A Fast Algorithm to Initialize Cluster Centroids in Fuzzy Clustering Applications


CEBECİ Z., CEBECİ Ç.

Information, cilt.11, sa.9, ss.446, 2020 (ESCI) identifier identifier

  • Yayın Türü: Makale / Tam Makale
  • Cilt numarası: 11 Sayı: 9
  • Basım Tarihi: 2020
  • Doi Numarası: 10.3390/info11090446
  • Dergi Adı: Information
  • Derginin Tarandığı İndeksler: Emerging Sources Citation Index (ESCI), Scopus, Aerospace Database, Communication Abstracts, Compendex, INSPEC, Metadex, Directory of Open Access Journals, Civil Engineering Abstracts
  • Sayfa Sayıları: ss.446
  • Anahtar Kelimeler: prototype-based clustering, partitioning, fuzzy clustering, soft clustering, initialization of centroids, FCM, C-MEANS, VALIDITY INDEX
  • Çukurova Üniversitesi Adresli: Evet

Özet

The goal of partitioning clustering analysis is to divide a dataset into a predetermined number of homogeneous clusters.
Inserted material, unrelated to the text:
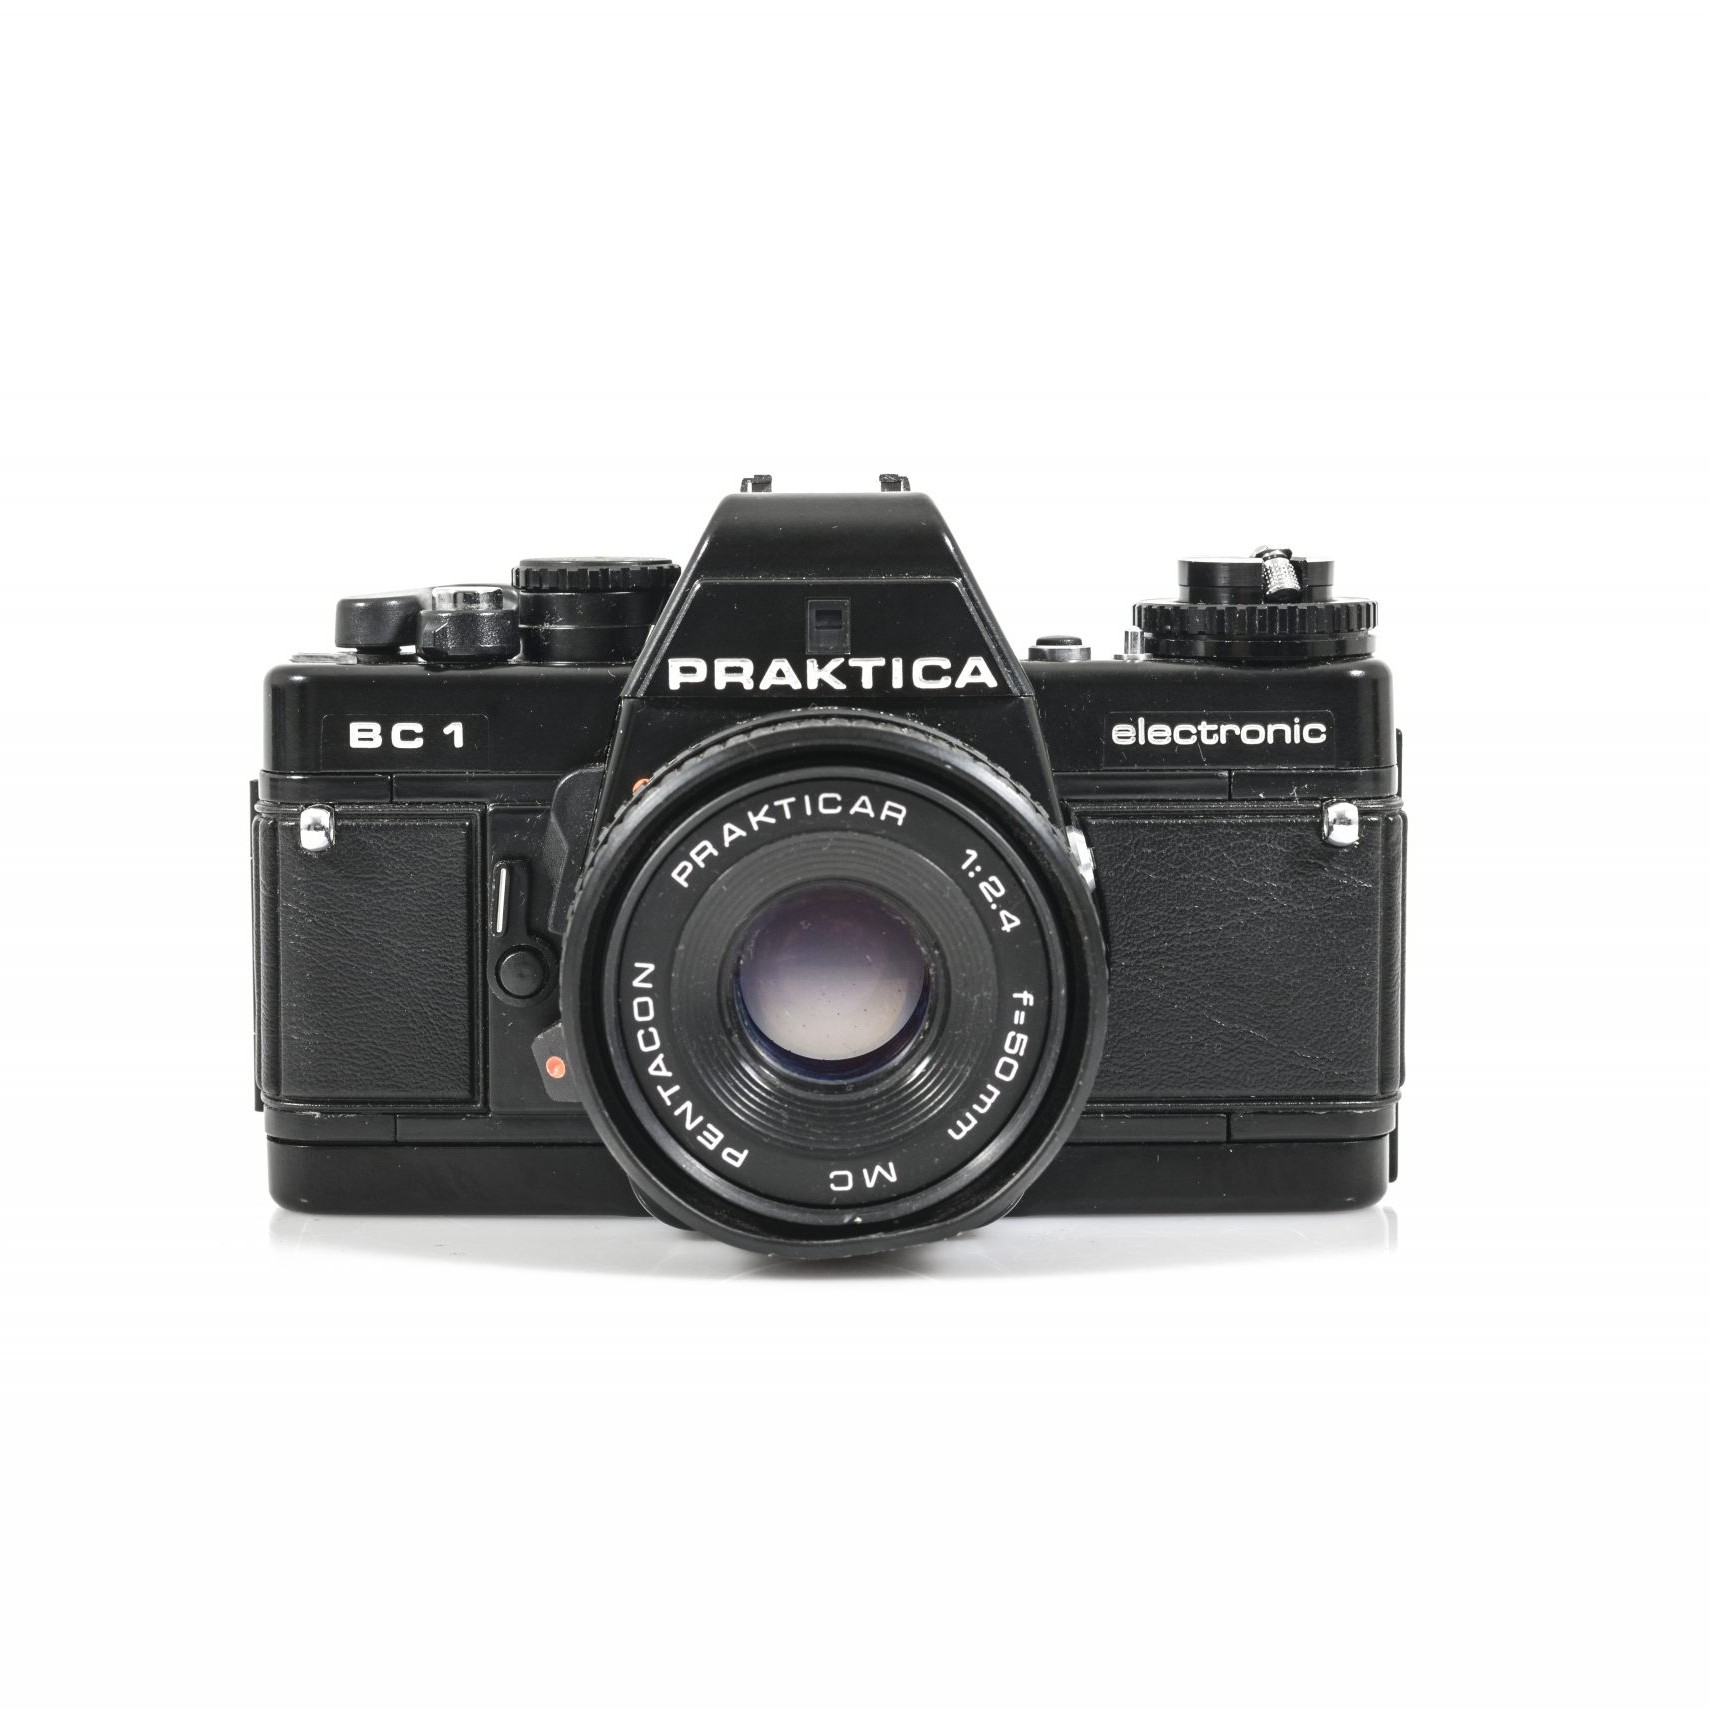 Gorgeous Praktica BC1 Electronic 35mm Film Camera + Prakticar F2.4 50mm Lens

The quality of final clusters from a prototype-based partitioning algorithm is highly affected by the initially chosen centroids. In this paper, we propose the InoFrep, a novel data-dependent initialization algorithm for improving computational efficiency and robustness in prototype-based hard and fuzzy clustering. The InoFrep is a single-pass algorithm using the frequency polygon data of the feature with the highest peaks count in a dataset. By using the Fuzzy C-means (FCM) clustering algorithm, we empirically compare the performance of the InoFrep on one synthetic and six real datasets to those of two common initialization methods: Random sampling of data points and K-means++. Our results show that the InoFrep algorithm significantly reduces the number of iterations and the computing time required by the FCM algorithm. Additionally, it can be applied to multidimensional large datasets because of its shorter initialization time and independence from dimensionality due to working with only one feature with the highest number of peaks.